It was summer before 8th grade when our new high school football coach arrived in town. He had helped coach for a rival team that was a football powerhouse so he naturally was seen as our saviour to revitalize our football program. Well he barely won any games my entire high school career while he was there but he introduced me to the high school weight room where I had a chance to use real weights while forsaking my old, plastic K-Mart, garage sale, gym I put together.
The old football strength program “Bigger Faster Stronger” had box squats listed as an exercise to perform way back then I was 14 years old. The box squatting was a real spine buster as we would sit down to a high bench almost bouncing off to a locked out position. I could write a series just on bad coaching alone but let me just say we were doing it the way the coaches wanted. Luckily, my USPF/IPF world champion coach Ernie Fleischer, aka The Iron Sheik, eventually got ahold of me to help improve my lifting along with our new wrestling coach Ron Kauffman. Ernie also used box squats but a little differently. When he saw how I did if based on my earlier experience he growled in his deep raspy voice, “WHAT THE HELL ARE YOU DOING?” Clearly, I wasn’t doing it the way Ernie wanted. No Ernie had us use a milk crate on its side to coach depth alone. There was no bouncing. Just feel pressure and that was the cue to drive the weight back up. His coaching helped me to learn so much and his strict approach to depth and technique made me the lifter I have become in many ways. If we couldn’t pass the IPF for depth then it wasn’t a good squat to him. I also might mention this was before the IPF decided that the deepest squat should win as seems to be the current trend with them.
Living in the midwest and not far from Columbus I was drawn to read different articles about Westside Barbell and all the amazing numbers they put up. I went back to using my old milk crate again to work on squatting for my speed days. I worked on my good mornings and max effort squats. Equipment was limited so I made due with what I had. Box squatting in that fashion worked well to add some reps in a different style while working my mobility. In an Inzer Z suit I managed over 800 weighing 238 years ago. I attribute that training to a lot of good mornings, varied depth squats and ab work. I also was very meticulous on training my technique.
Many people have no idea that I lifted in single ply but honestly single ply then was pretty much being able to put on my suit by myself in about 5 minutes. So it was very different to the material now. Cost and time is why I was no longer interested in geared lifting. I also train alone so dealing with a bench shirt by yourself can be an issue. I love training and to take 20-30 minutes to put on a squat suit just ruined the flow of my workouts for me. So raw it was and still is; luckily for me raw has really become huge for the masses which I am so thankful for.

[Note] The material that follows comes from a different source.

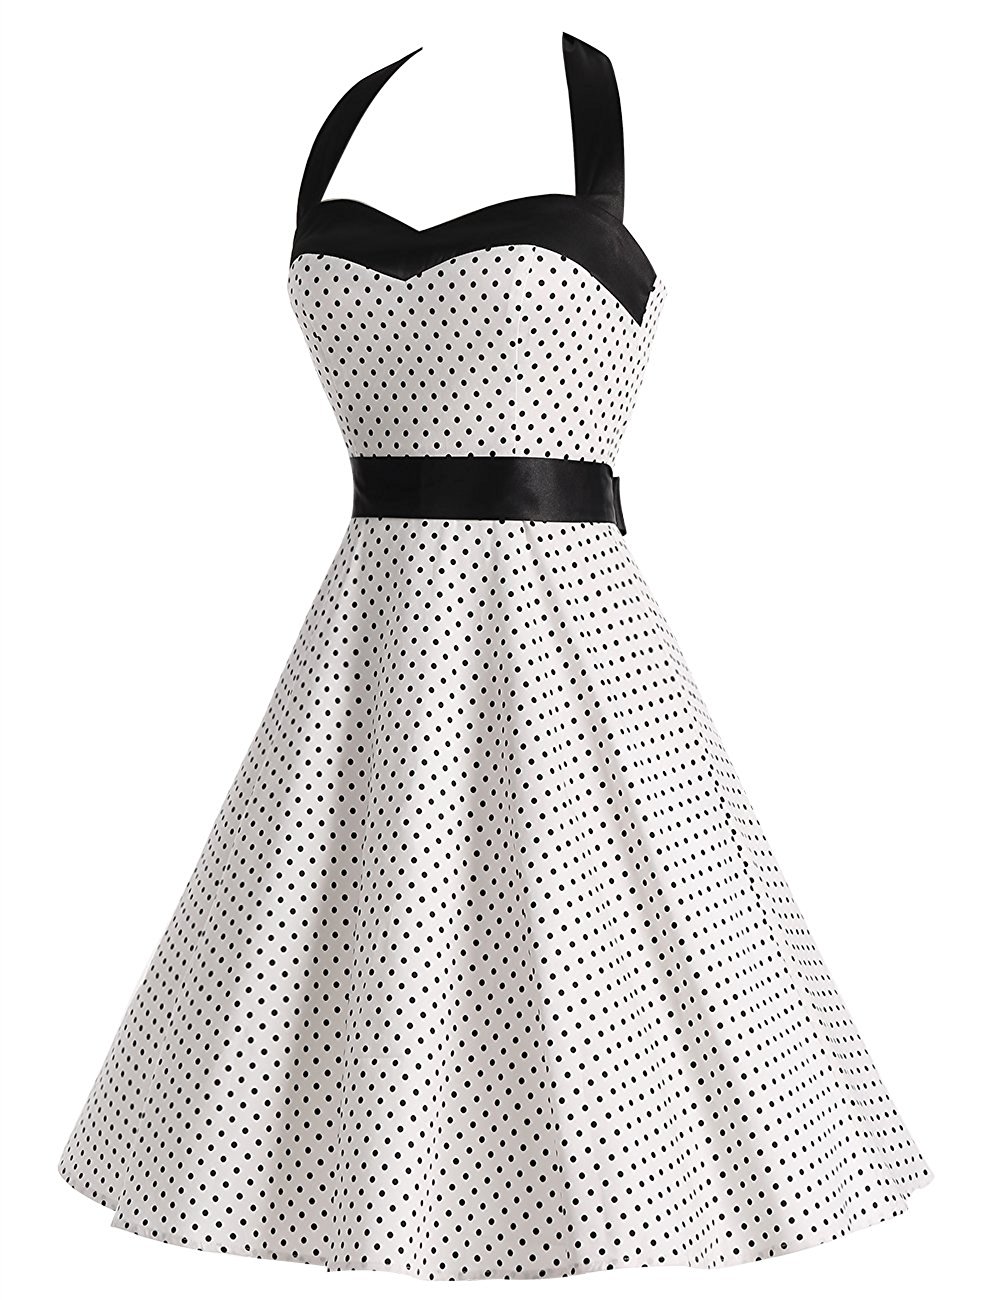 50s Vintage Style Halter White Polka Dots Ruched Retro Dress on Luulla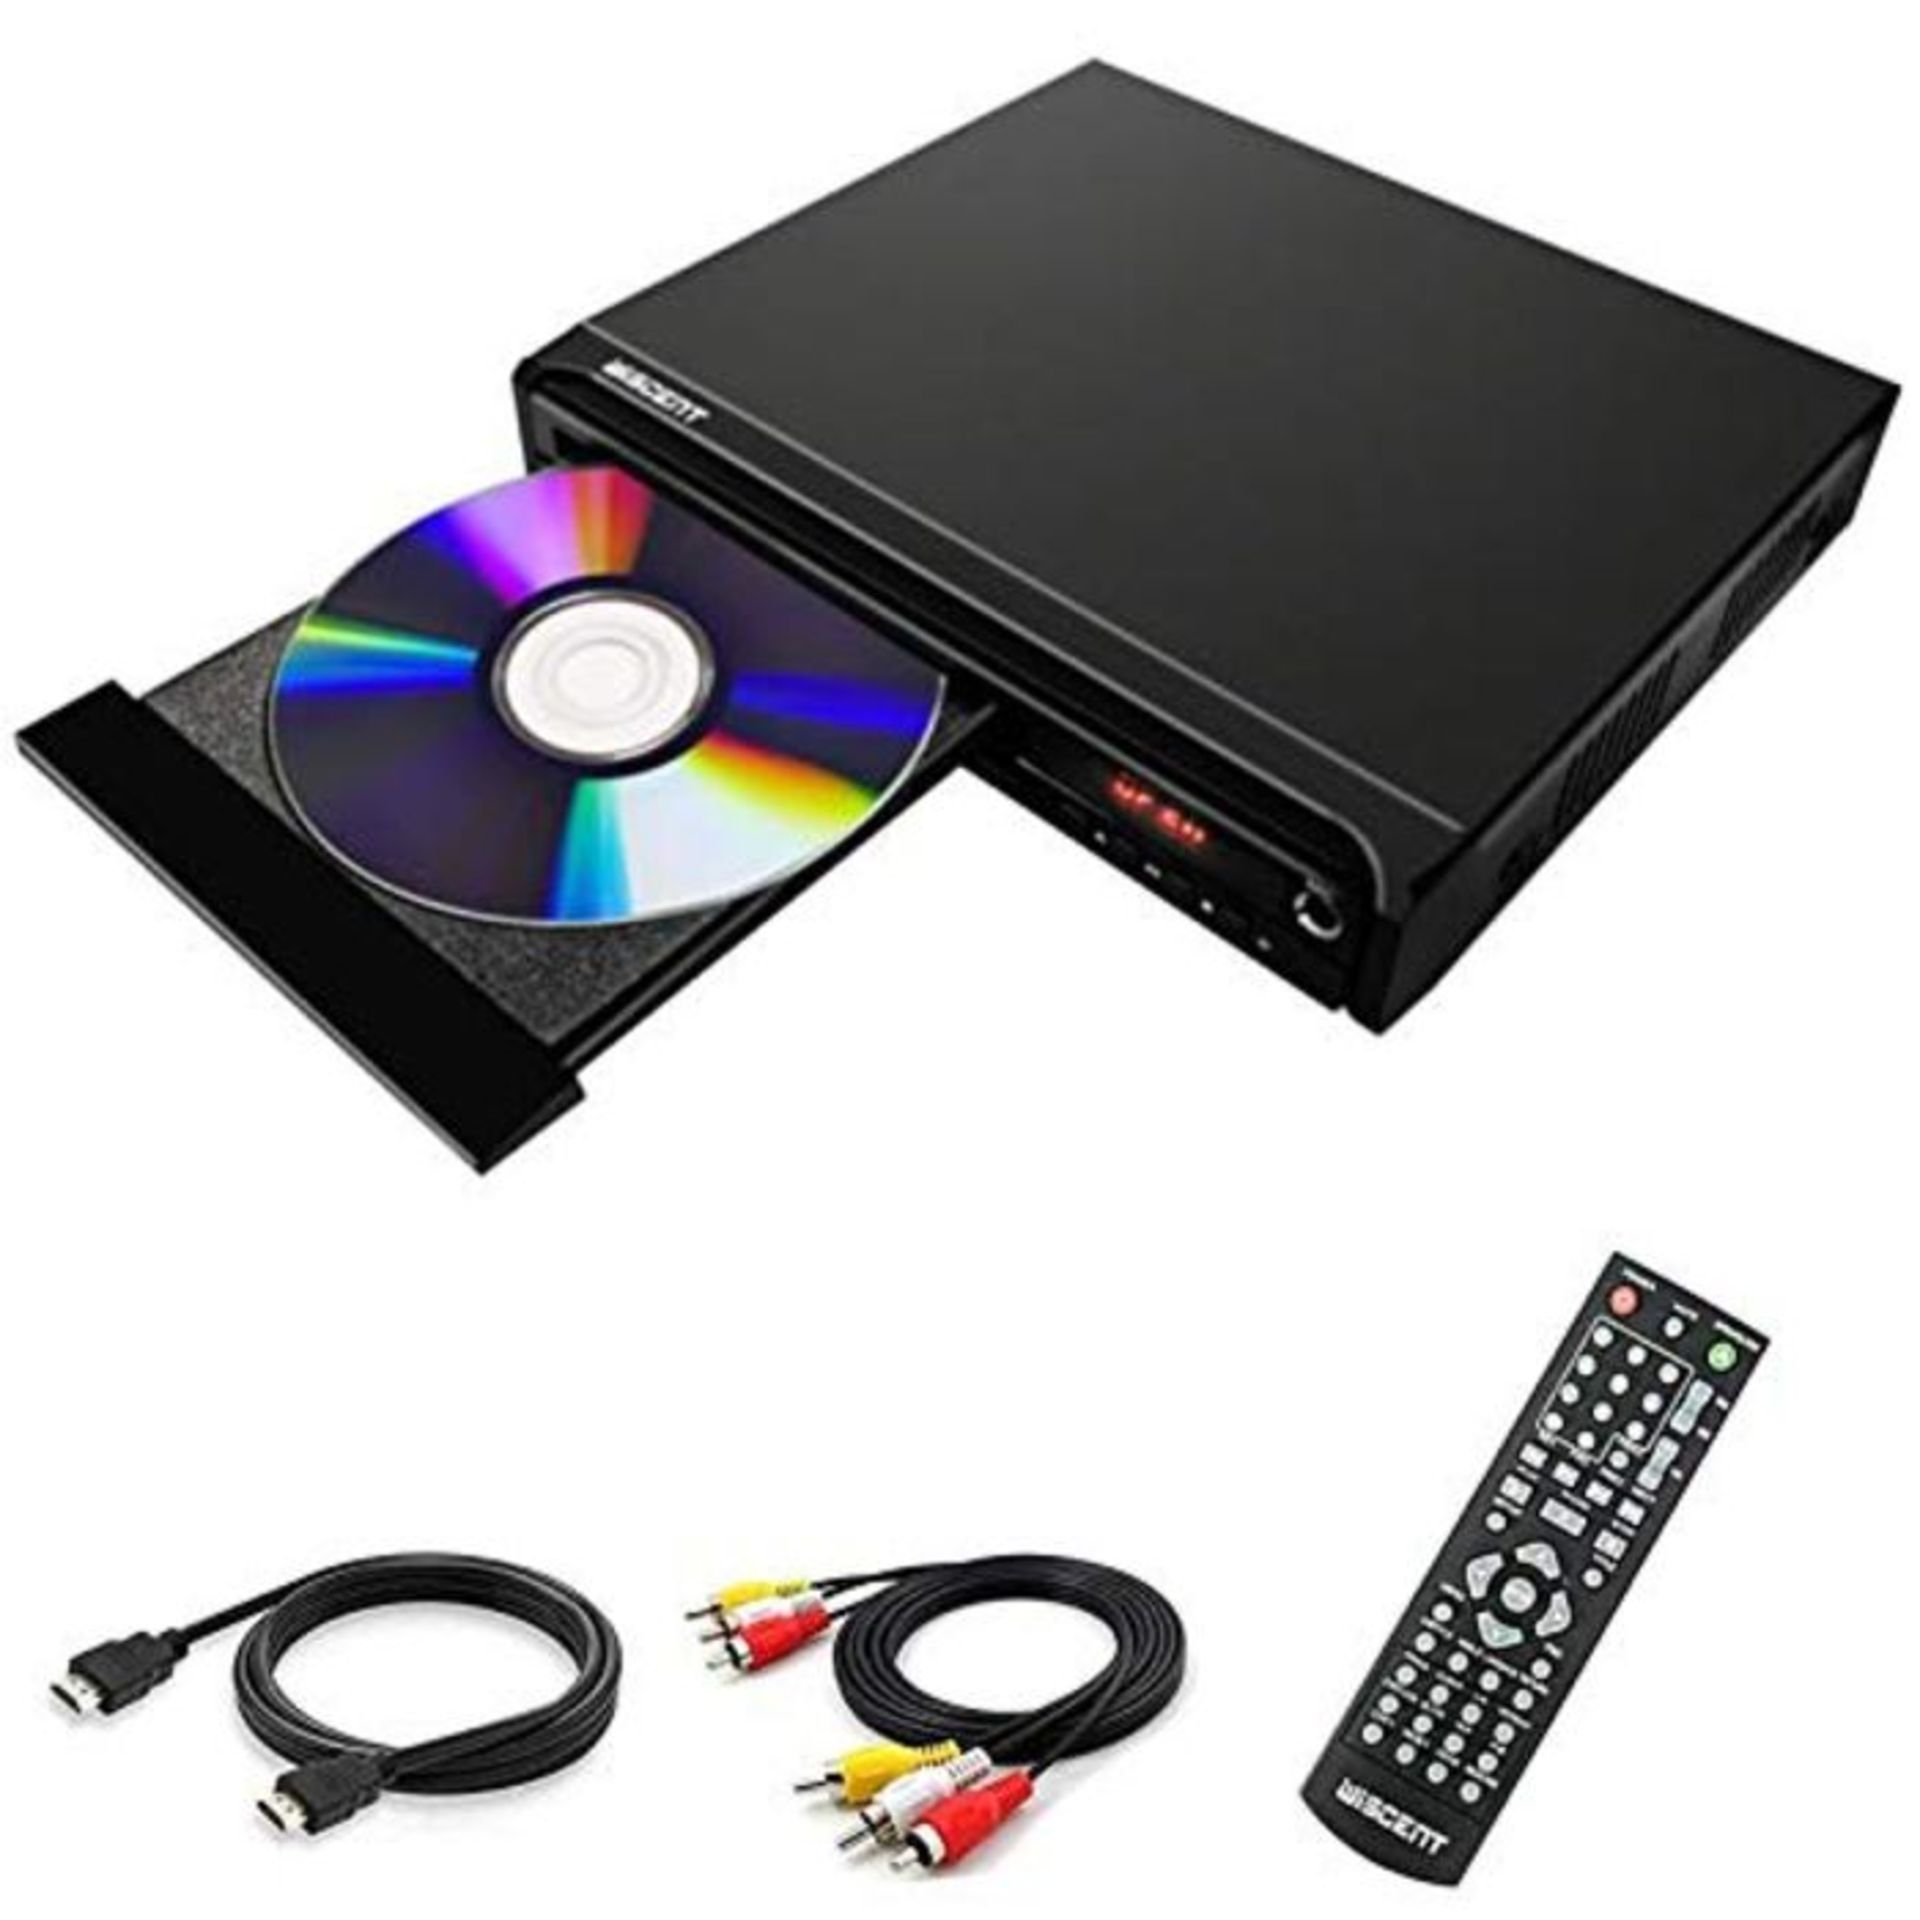 DVD Player for TV,All-Region Free,Mini Compact DVD CD MP3 Player,with HDMI Cable for T

While raw powerlifting is growing and here to stay it is funny that as methodologies like Westside/Conjugate are thriving with raw lifters, Westside/Conjugate really is for geared lifters. All of their influences point to that, from style of squatting, tricep work and deadlift technique. I think the good is a lot of back and ab training are emphasized which is fantastic for most lifters because these are neglected areas in powerlifting. The bad is neglecting areas like the chest, nor is there enough real training for the lifts performed in competition. The ugly part in my mind is following Westside/Conjugate emphasis of box squatting. This lift has no mechanical similarity for a raw lifter squatting. Yes a geared lifter sits back when he squat but a raw lifter drops. Sure, raw lifters stick their butts out yet the bar path is almost perpendicular to the floor. Box squats in my coaching opinion is an assistance movement at best for the raw lifter.

Let me say that I have no beef with Westside/Conjugate. I practice the true definition of conjugate with my own clients as any good coach should. I chose Westside/Conjugate because I want lifters challenged to understand what and why they do what they do. It is just that simple. Many raw lifters need to educate themselves, question methods and understand approaches. They need to start thinking outside the box squat.